Мрожек смотрел сквозь свои очки, стоя на Каноничной, а я смотрел на Мрожека, который в белых кроссовках и куцем кремовом пальто стоял на Каноничной и озирался вокруг. На голове у драматурга была английская шапочка, из-под козырька которой выглядывали стеклышки очков. Это был 1996 год, а за три года до того Мрожек написал пьесу «Любовь в Крыму». Место действия и героев он выбрал не случайно — дореволюционная чеховская Россия, с ее меланхоличными курортными беседами и поисками выхода за чаем и вареньем, сменялась на власть товарищей с их абсурдом и жестокостью. Именно переходная психология общества и индивидуума, где не только продают и вырубают вишневый сад, но и меняются ролевые отношения, смещаются акценты и моральные основания, а вместо сада — пожарище. Мрожек уловил переходность нового времени, когда товарищей сменили новые буржуа, которые вышли из тех самых товарищей, — симметрия восстановилась уже к концу столетия.
Мрожек стоял и жмурился, присматриваясь к Кракову и к улице Каноничной, его фигура и весь вид будто спрашивали: что я тут ищу?
Я так и не решился подойти тогда к нему. Просто стоял рядом на Крупничей с таким точно идиотским видом: что я тут делаю?
На одной фотографии Шимборская с сигаретой выпускает дым, который почти полностью закрывает ей лицо, будто легкая вуаль. Шимборская молода, сексуальна, этот дым завесой прикрывает ее ироничный взгляд, детскую дерзость и мудрость.
«Кое-кто любит поэзию», — говорит Шимборская и сравнивает эту любовь с обычными физиологическими и вкусовыми ощущениями, не возвышая, как это делают русские, но и не принижая, как это делают американцы, потому что все-таки, в конце своего стихотворения, держится за те золотые перила поэзии. Значит, поэзия держит и поддерживает…
В Кракове ее не найти.

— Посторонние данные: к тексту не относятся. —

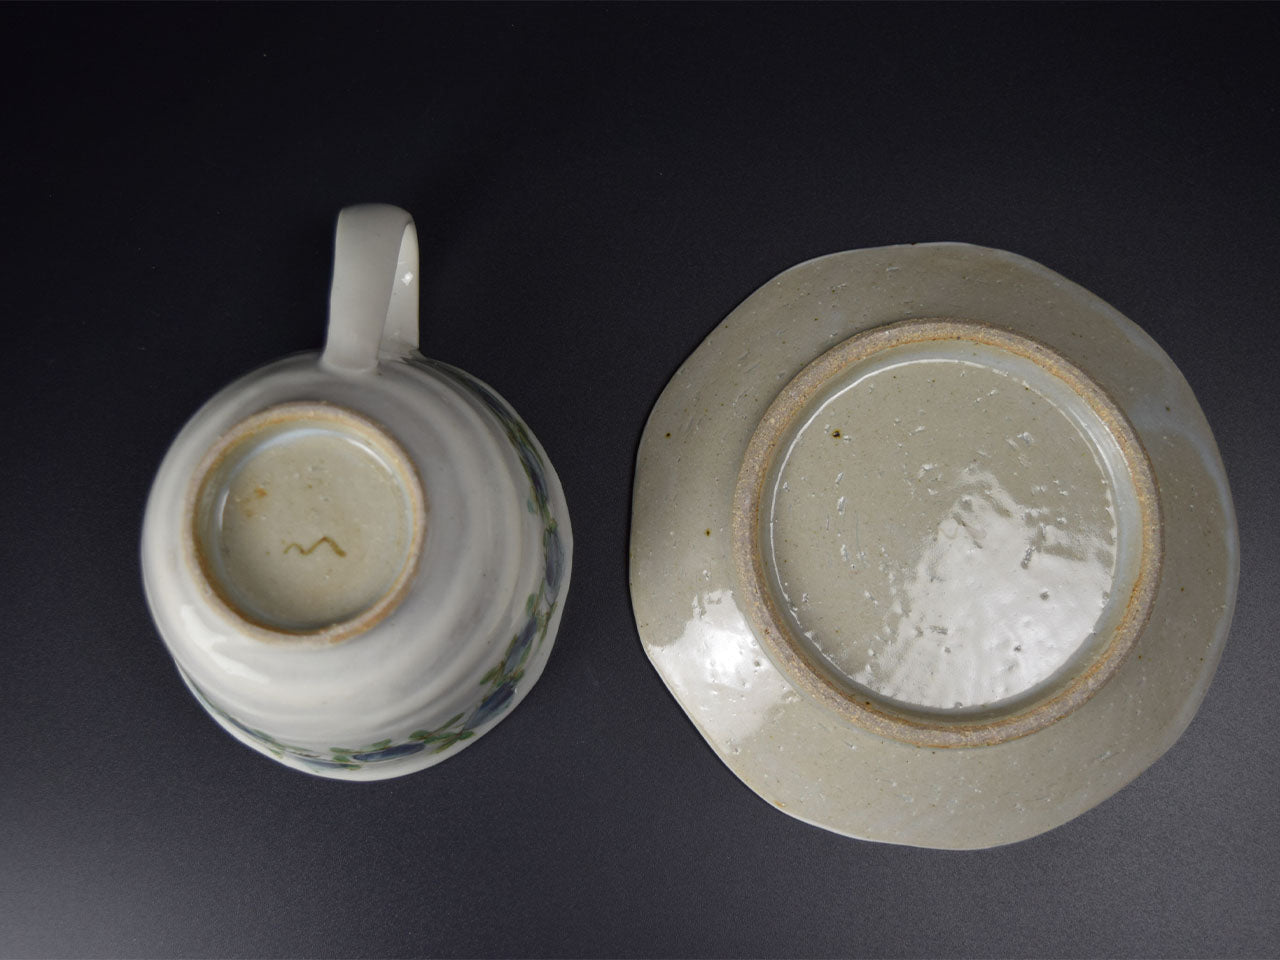 Drinkware, Teacup, Blue rose pattern - Tomoko Matsushita, Kasama ware, Ceramics

Говорят, жила на Крупничей. Но это было давно, теперь где-то в другом месте, какие-то профессора-полонисты с ней знакомы, но они не дают ни адреса, ни телефонов.
Пьяные беззубые курвы на Плантах тоже обсуждают литературную новость: «Шо? Получила Нобеля, так нехай несет бутылку сюда, к нам. Запьем этого Нобеля… Ха-ха».

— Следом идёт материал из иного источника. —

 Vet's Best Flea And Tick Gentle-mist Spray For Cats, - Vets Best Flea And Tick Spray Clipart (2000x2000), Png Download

На трамвае я доезжал до вокзала, чтобы успеть на ближайший поезд до Кракова. Уже стоя на платформе, я увидел засветившуюся на табло информацию о прибытии пригородного поезда, который как раз подъехал за несколько минут до краковского.
«Гурник-Забже», — грохотом понеслось на всю платформу многоголосие, словно рык возбужденного быка. Сотни молодых людей высыпались на платформу из этого пригородного поезда, и вся толпа двинулась к выходу, неся над собой корону выкрика: «Гурник-Забже… Гурник-Забже… Гурник-Забже…» У парней в основном были бритые головы, кожаные куртки, шарфы и шапочки с названием любимой команды. У них не было лиц, их сплошная масса, залепив собой выходы из вокзала, еще долго протискивалась под редкие реплики пассажиров на платформе, ждущих краковского поезда.
Они могут устроить революцию, если проиграет их команда, подумалось тогда. Просто вывалят на улицы, поднимут над головами шарфы и выкрикнут: «Гурник-Забже» — и уже ничто их не остановит, просто никто и ничто.
Анна Фрайлих принесла мне DVD с фильмом Анджея Вайды «Everything for sale». Наверное, мы встретились на углу 34-й улицы и 7-й авеню, у «Starbucks». Анна сама выбрала эту кофейню напротив «Macy’s». Раньше я этого фильма никогда не видел.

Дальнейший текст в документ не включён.